I've checked and the headers are identical with my browser's headers and I still get Bad Request

So I tried another solution:

http://www.php.net/manual/en/function.curl-setopt.php#78046

Unfortunately this doesn't work either and I'm out of ideas. What am I missing?

netcoder
  • 66,435
  • 19
  • 125
  • 142
pandronic
  • 631
  • 2
  • 9
  • 21
  • 8
    Did you use `urlencode` on the URL before calling `file_get_contents`? – Evan Mulawski Nov 15 '10 at 13:38
  • Damn, that's embarrassing ... how could I miss that? – pandronic Nov 15 '10 at 13:48
  • 1
    Well, it works even with file_get_contents(), so there's no protection whatsoever. Sorry for wasting everybody's time :) – pandronic Nov 15 '10 at 13:56
  • 1
    @pandronic: I would suggest still masking it. They could be watching the logs and mightn't like people scraping the data, so take precautions to prevent them from blocking automated tools. (just my $0.02) – Reese Moore Nov 15 '10 at 14:00
  • Just to add, sometimes for https urls you need turn off verify_peer curl_setopt($ch, CURLOPT_SSL_VERIFYPEER, FALSE ); – fedmich Dec 03 '13 at 04:06

3 Answers3

12

Try escaping your URL, it works for me that way.

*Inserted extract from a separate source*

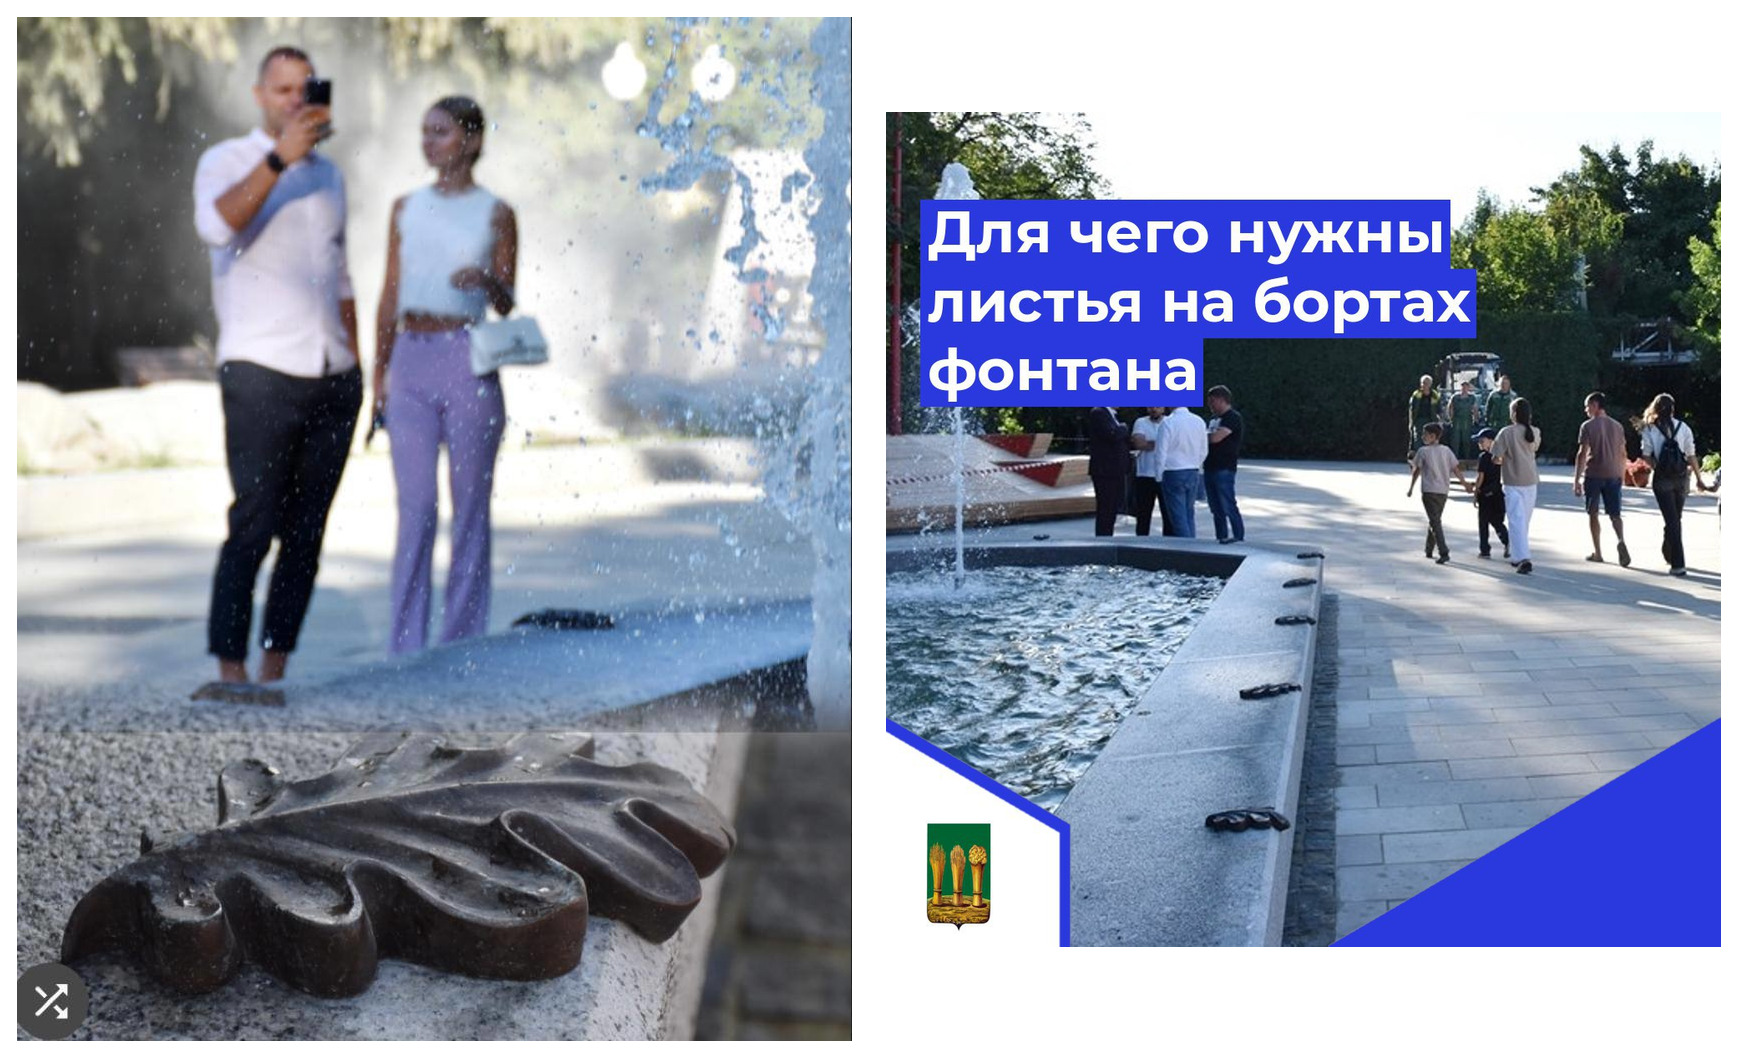 В мэрии Пензы объяснили назначение кованых листиков дуба на новом фонтане в парке Белинского

http://mediaforest.ro/weeklycharts/viewchart.aspx?r=WeeklyChartRadioLocal&y=2010&w=46%2008-11-10%2014-11-10
Reese Moore
  • 11,524
  • 3
  • 24
  • 32
11

Use curl_setopt($ch, CURLOPT_USERAGENT, 'Mozilla/5.0 (Windows; U; Windows NT 6.1; en-US; rv:1.9.2.12) Gecko/20101026 Firefox/3.6.12');

You can replace the useragent with another one of course.

However, "Bad Request" is most likely NOT related to a missing/bad useragent. It sounds like the webserver itself doesn't like your request.. not the application behind the requested URI.

ThiefMaster
  • 310,957
  • 84
  • 592
  • 636
0

I had to lose 'Accept-Encoding: gzip,deflate', from the $header to get it to work properly on my godaddy website.